FAQ: LLM API Pricing 2026

What is the cheapest LLM API available in 2026?

The cheapest hosted LLM option is Llama 3.2 3B on DeepInfra at $0.02 per 1M tokens for both input and output. Among proprietary providers, Gemini 2.5 Flash-Lite and Mistral Small 3.1 are tied at $0.10/1M input. For general-purpose work with a major provider, GPT-4o mini at $0.15 / $0.60 remains one of the most cost-effective choices with reliable quality.

How do batch API discounts work and when should I use them?
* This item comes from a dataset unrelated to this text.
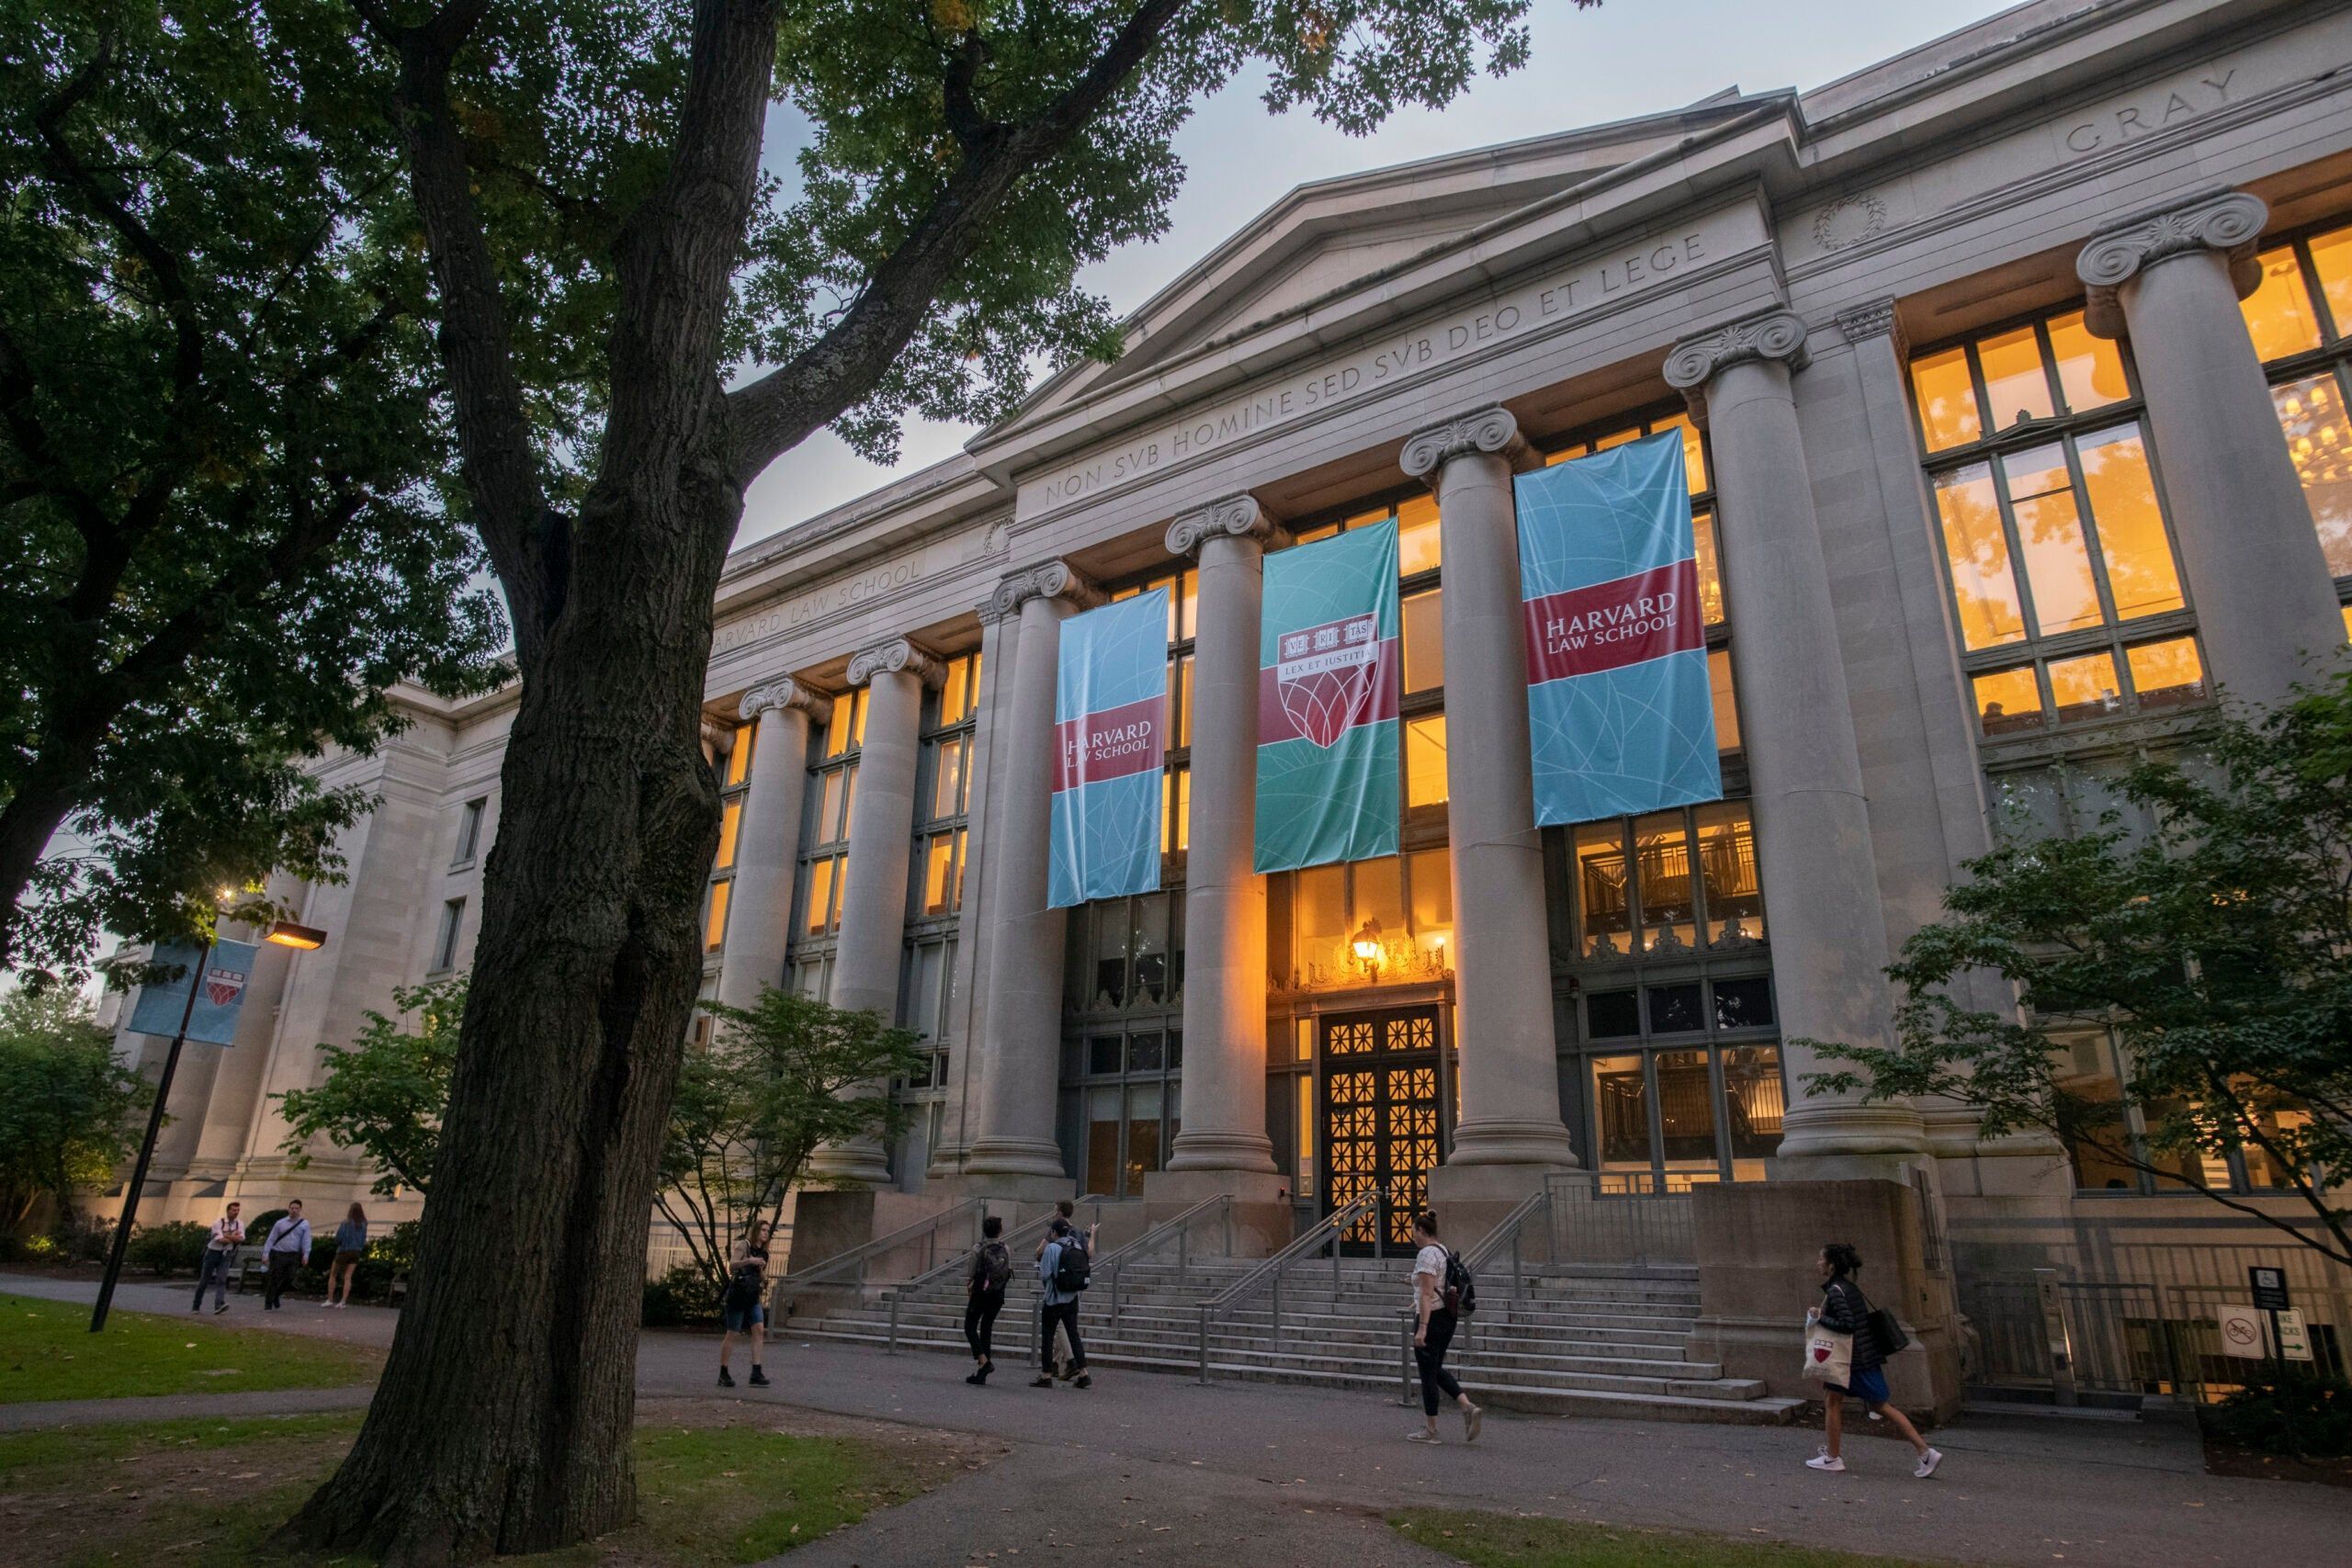 Apply to Harvard Law School Law School. Harvard Law School

Batch API (sometimes called async API) lets you submit jobs that run within a 24-hour window instead of returning results in real time. In exchange, providers offer 50% off standard pricing. This is suitable for offline data processing, document summarization, content moderation queues, and any workload without a real-time latency requirement. Anthropic, OpenAI, and Google all support batch mode. At scale, this discount alone can reduce your monthly API bill by half.

Which model has the largest context window in 2026?

Grok 4 by xAI leads with a 2M token context window at $3.00 / $15.00 per 1M tokens. Among more affordable models, Claude Opus 4.6, Claude Sonnet 4.6, Gemini 2.5 Pro, Gemini 2.5 Flash, and Gemini 2.5 Flash-Lite all support 1M token contexts. GPT models are generally capped at 128K–200K tokens.

Is DeepSeek a reliable alternative to OpenAI and Anthropic for production use?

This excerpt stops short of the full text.